## Dataset extract
* * * * * * *

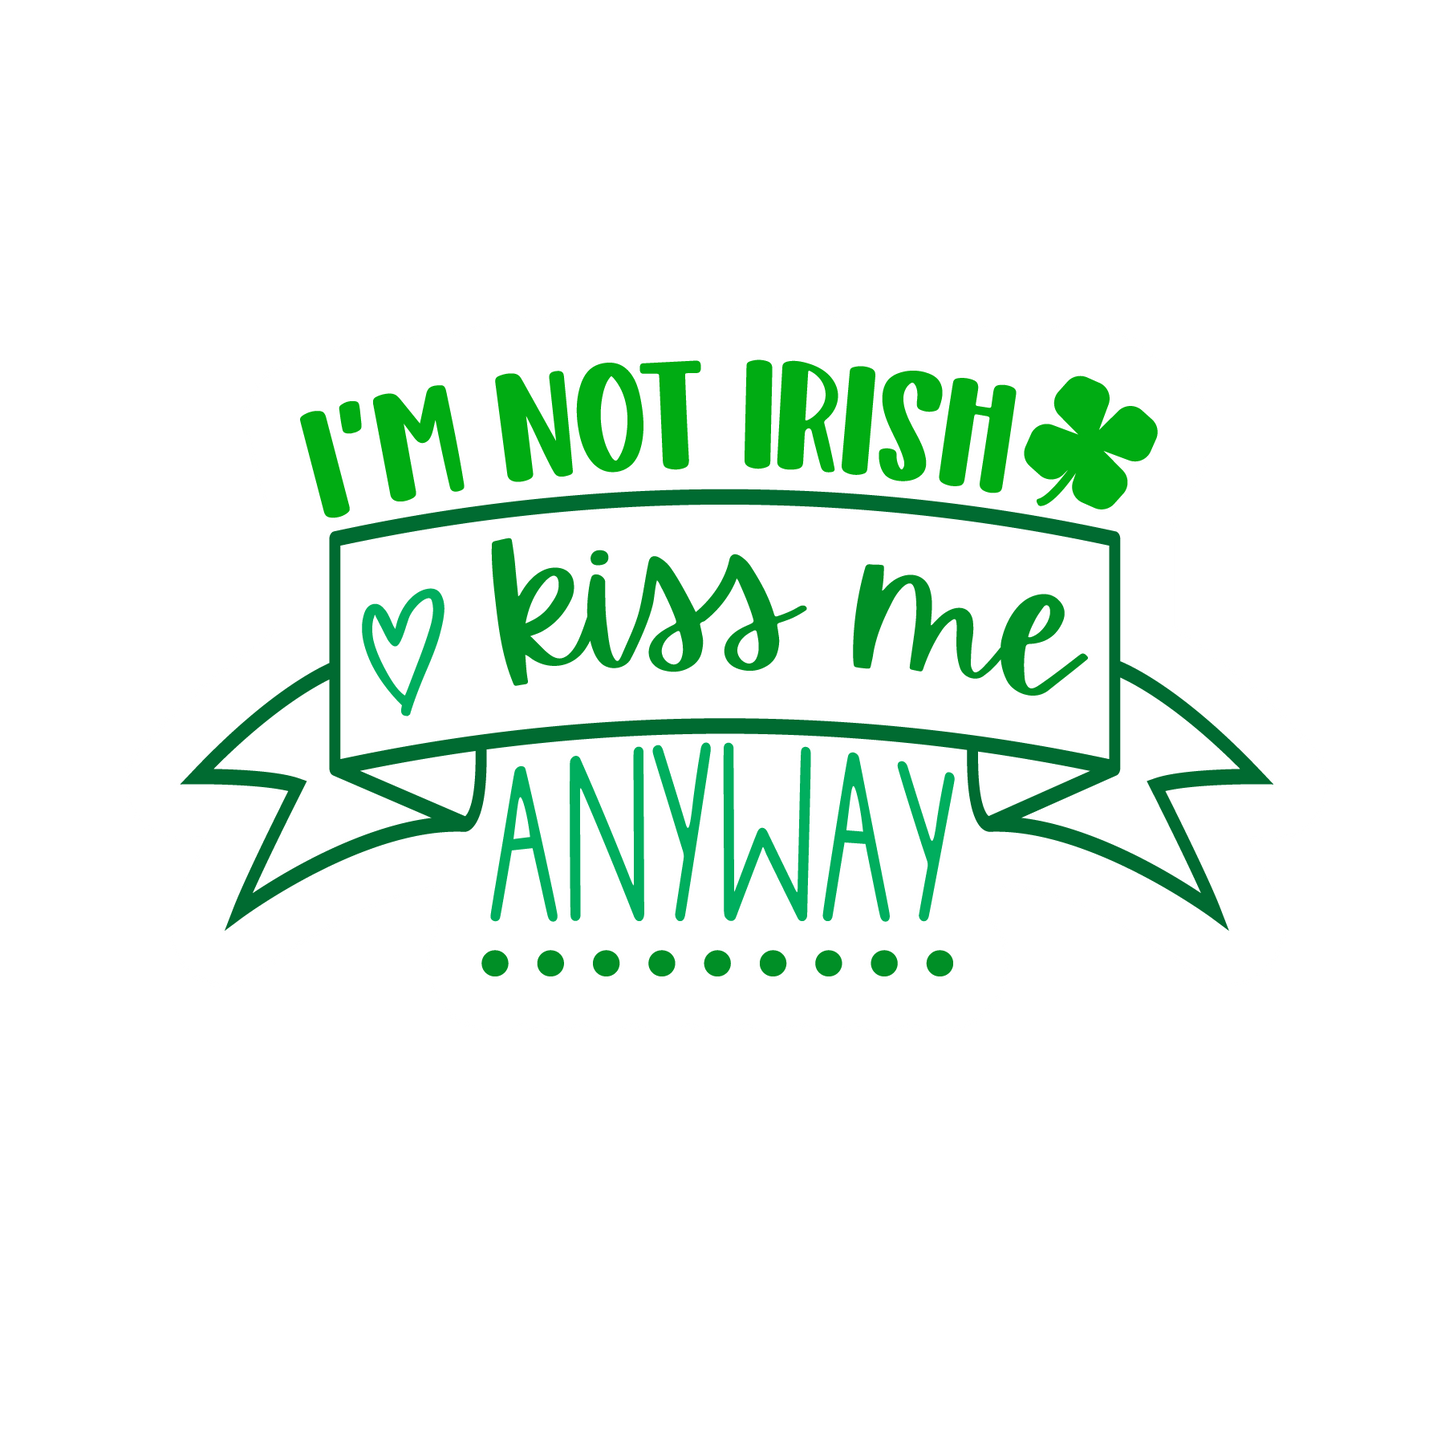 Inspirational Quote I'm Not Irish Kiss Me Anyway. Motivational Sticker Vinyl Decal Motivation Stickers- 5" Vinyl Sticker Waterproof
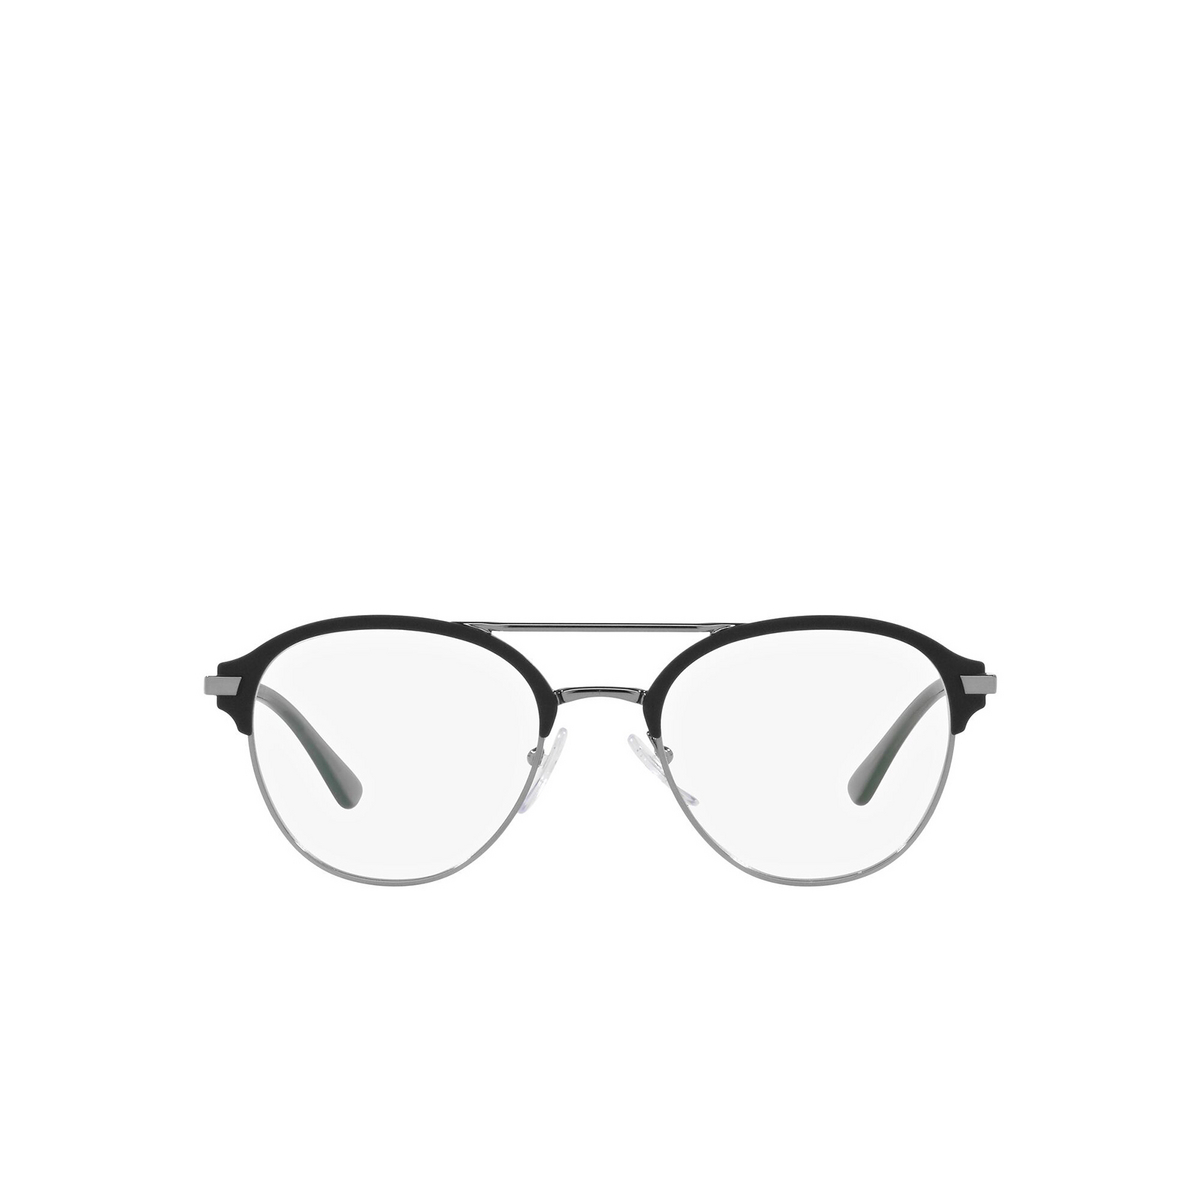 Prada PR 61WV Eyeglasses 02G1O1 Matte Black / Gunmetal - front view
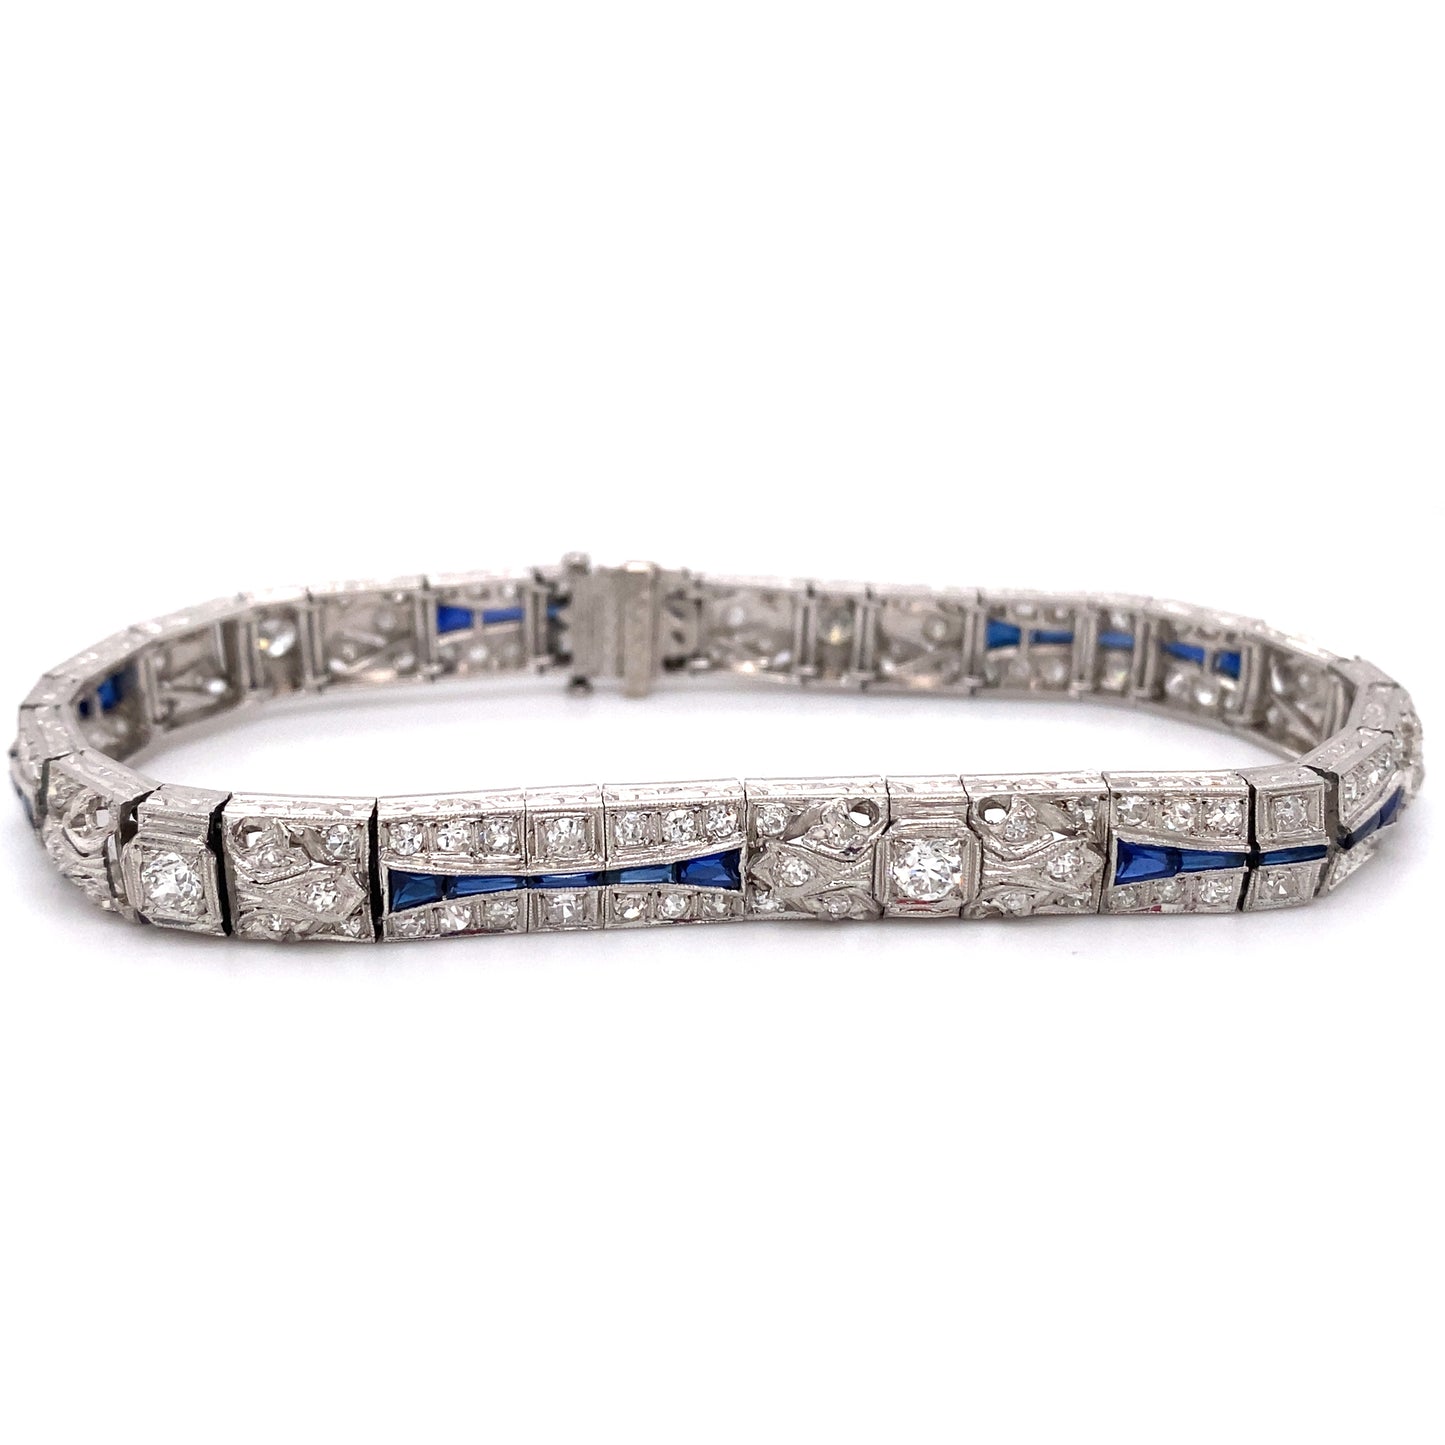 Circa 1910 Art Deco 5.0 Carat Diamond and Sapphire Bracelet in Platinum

* * * * * * *

## What needs to be done
This task asks for the data above repeated exactly, without a single picture.

## Reply
 Inspirational Quote I'm Not Irish Kiss Me Anyway. Motivational Sticker Vinyl Decal Motivation Stickers- 5" Vinyl Sticker Waterproof
 Prada PR 61WV Eyeglasses 02G1O1 Matte Black / Gunmetal - front view
 Circa 1910 Art Deco 5.0 Carat Diamond and Sapphire Bracelet in Platinum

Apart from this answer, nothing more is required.